The complaint, Heath, et al. v. Perdue Farms, Inc., was initially filed in the U.S. District Court for the District of Maryland in September 1998. The plaintiffs sued to recover overtime wages they claimed Perdue owed them, and they sought other statutory damages available under the federal Fair Labor Standards Act of 1938 (FLSA) and Maryland wage law. The plaintiffs alleged that an average nine-member crew of chicken catchers caught between 30,000 and 50,000 chickens each shift and regularly worked approximately twelve hours per shift for at least a five-day week, yet they never received any overtime pay for the hours worked over forty hours per week.

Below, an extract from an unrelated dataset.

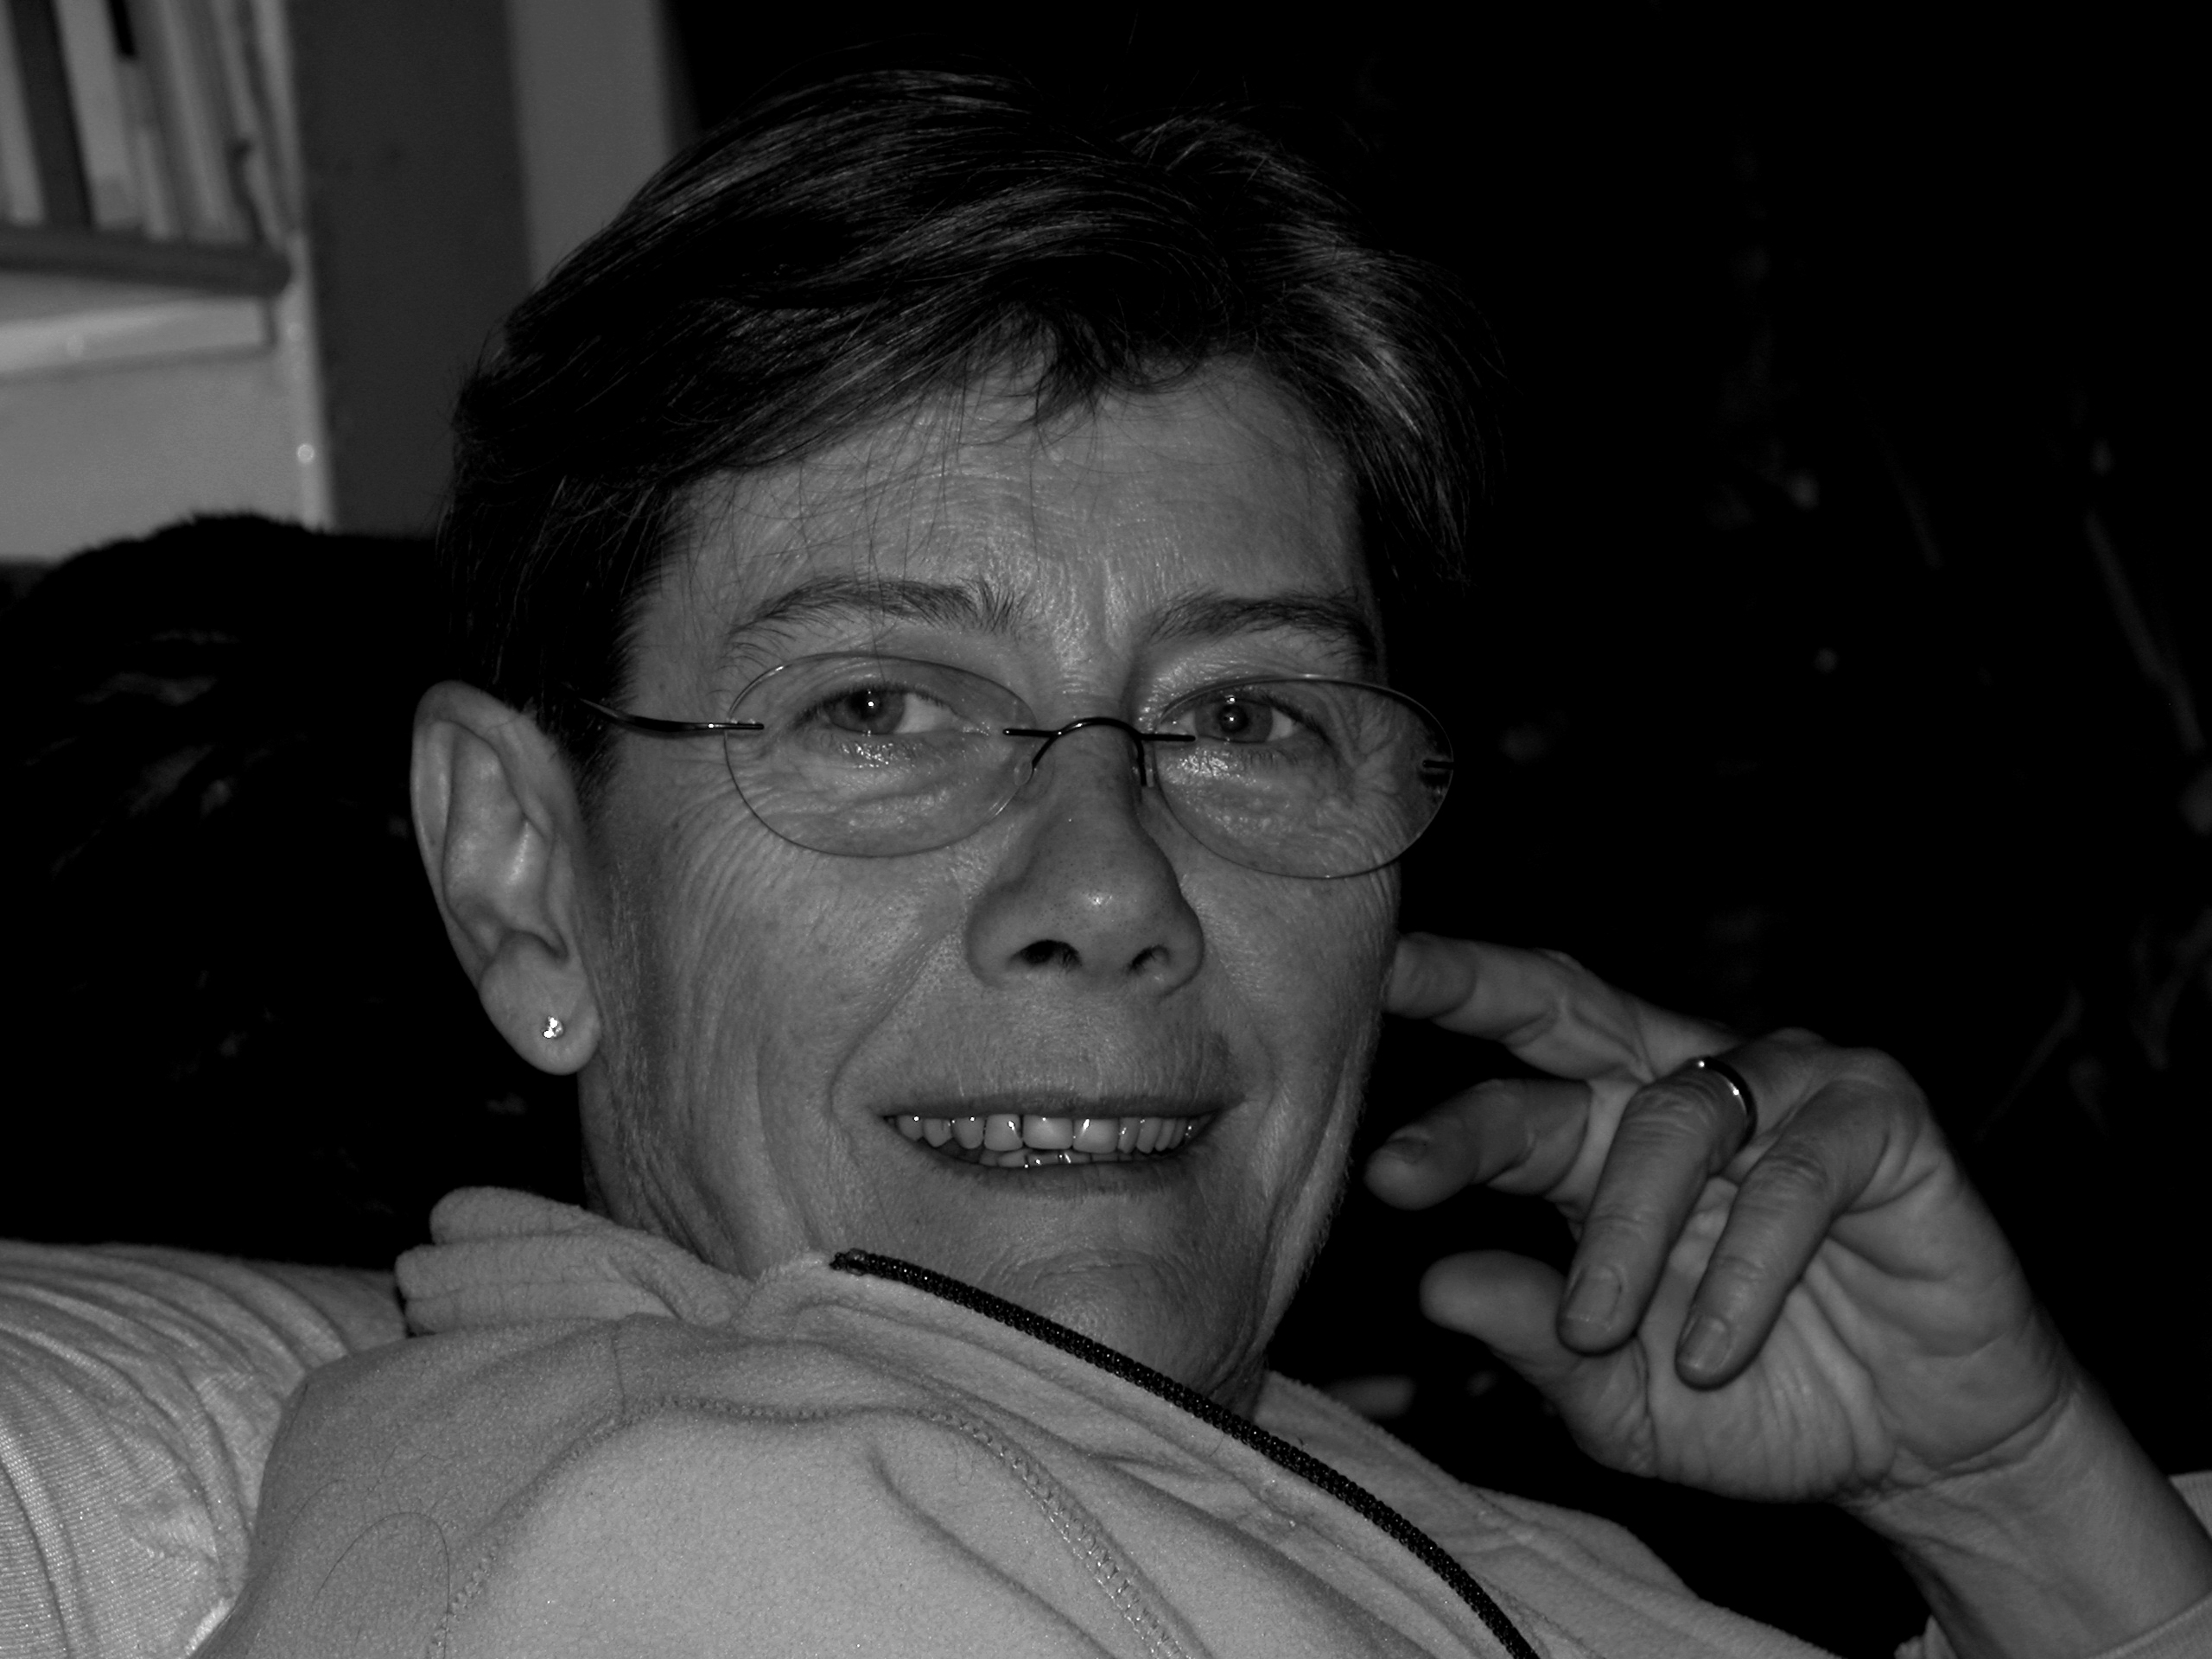 Jackie Bouthillier-Marillaud
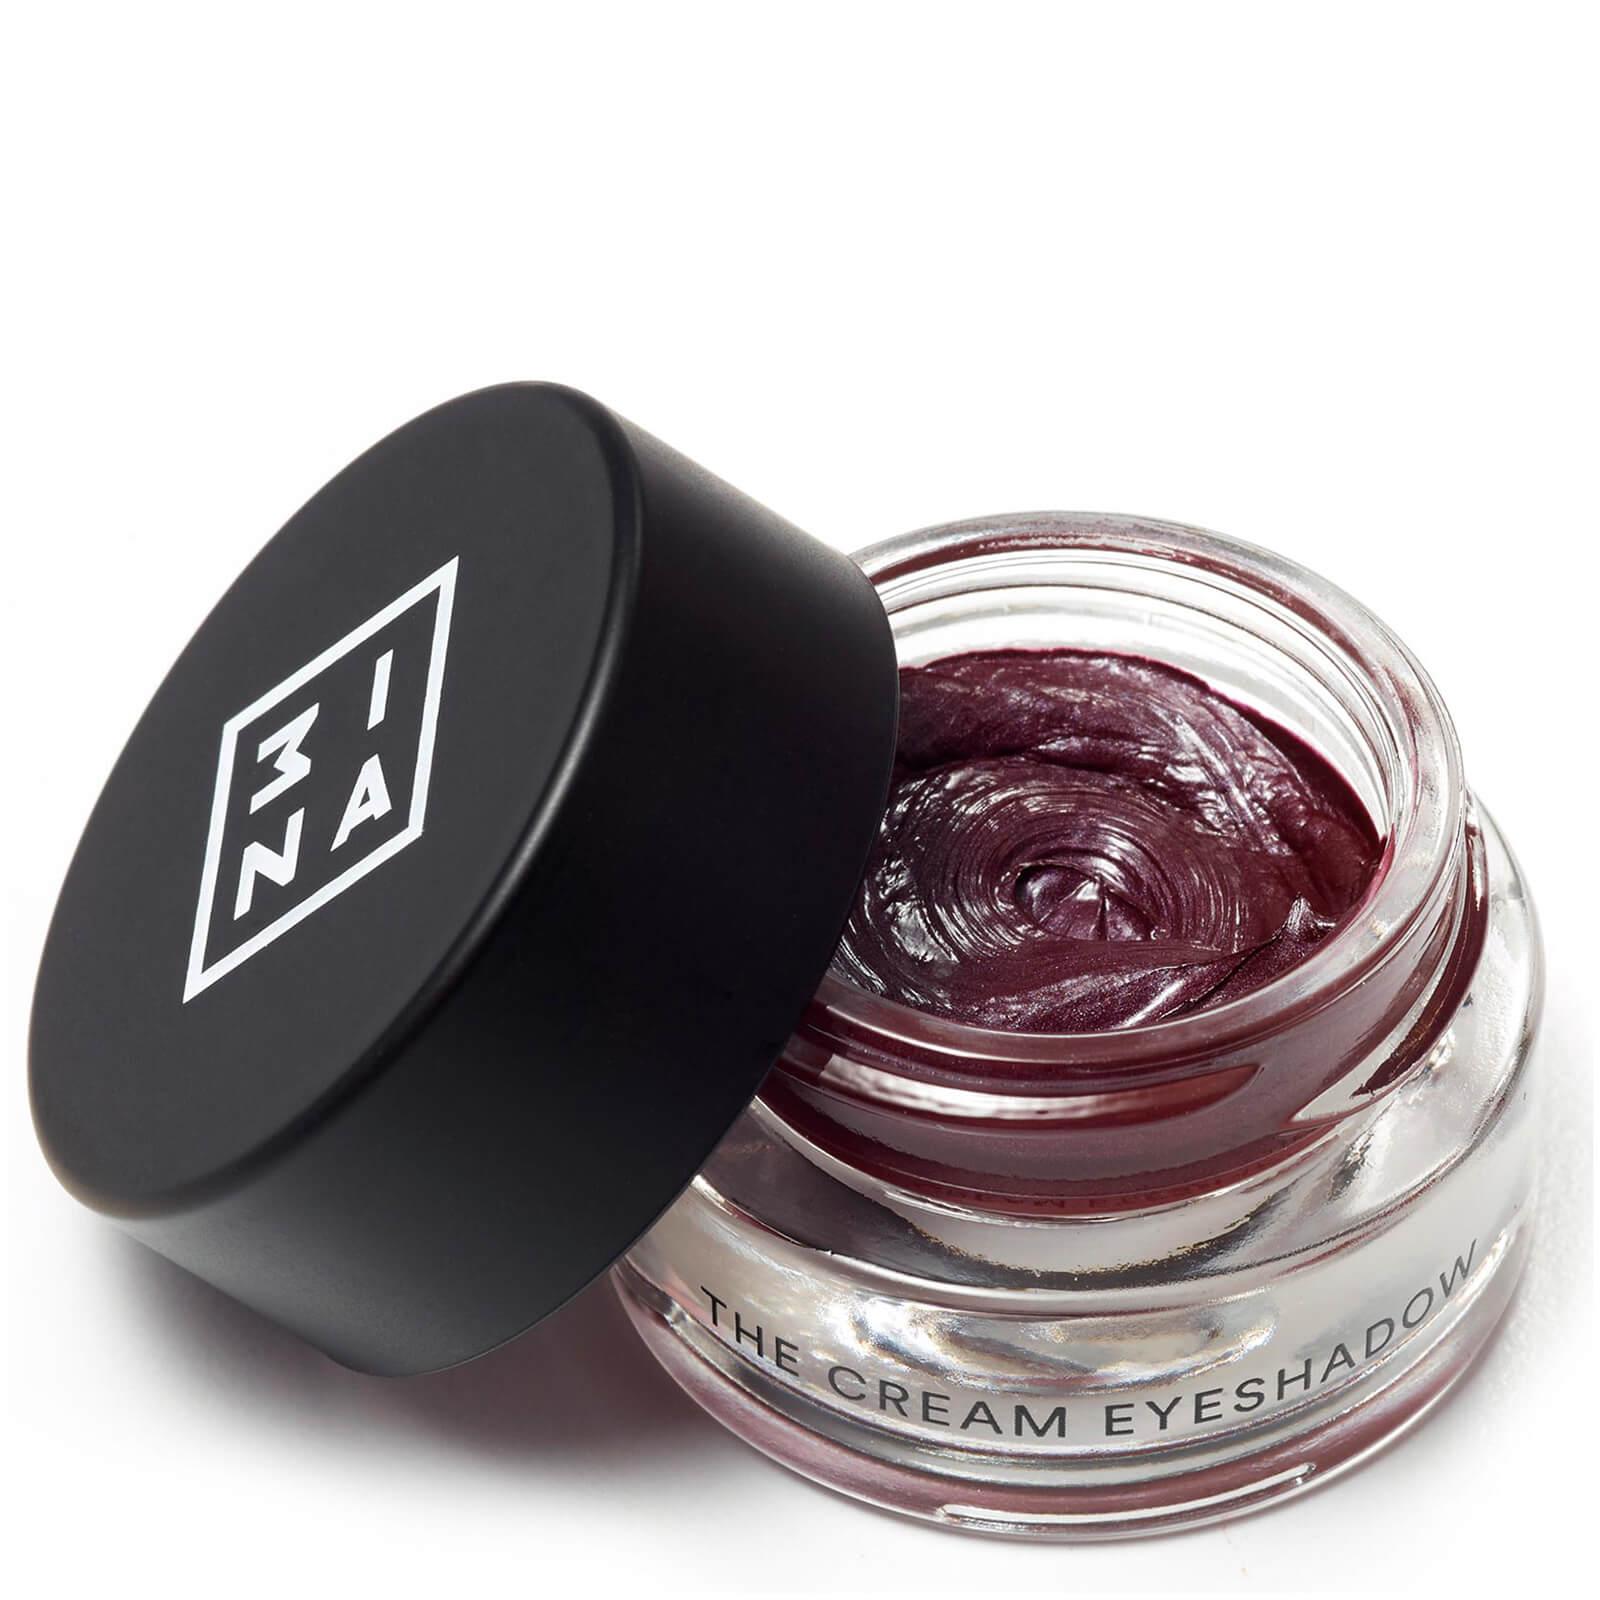 3INA Makeup The Cream Eyeshadow 3ml (Various Shades) - 318 Plum

Perdue argued that it was neither the sole nor "joint" employer of the chicken catchers and that the plaintiffs were instead employees of the independent contractor crew leaders who recruited them. Perdue also argued that the plaintiffs are "agricultural laborers" and that, since the overtime provisions of the FLSA do not apply to such workers, the plaintiffs were not entitled to overtime pay.
In February 2000, the federal court ruled against Perdue, finding that the chicken catchers were indeed its employees. Moreover, the court gave deference to the position of the U.S. Dept. of Labor, which has consistently, since at least the early 1980s, taken the position that "live-haul" workers in the poultry industry are not agricultural workers and are entitled, under the FLSA, to overtime pay. The court found Perdue was in "willful" violation of the FLSA because it "either knew or showed reckless disregard for the matter of whether its conduct was prohibited by the statute."
As part of the settlement agreement, Perdue also recognized the chicken catchers as its "employees," which also gives them an opportunity to participate in the company's health and retirement plans, in addition to providing them with broader protection under state and federal employment and labor laws.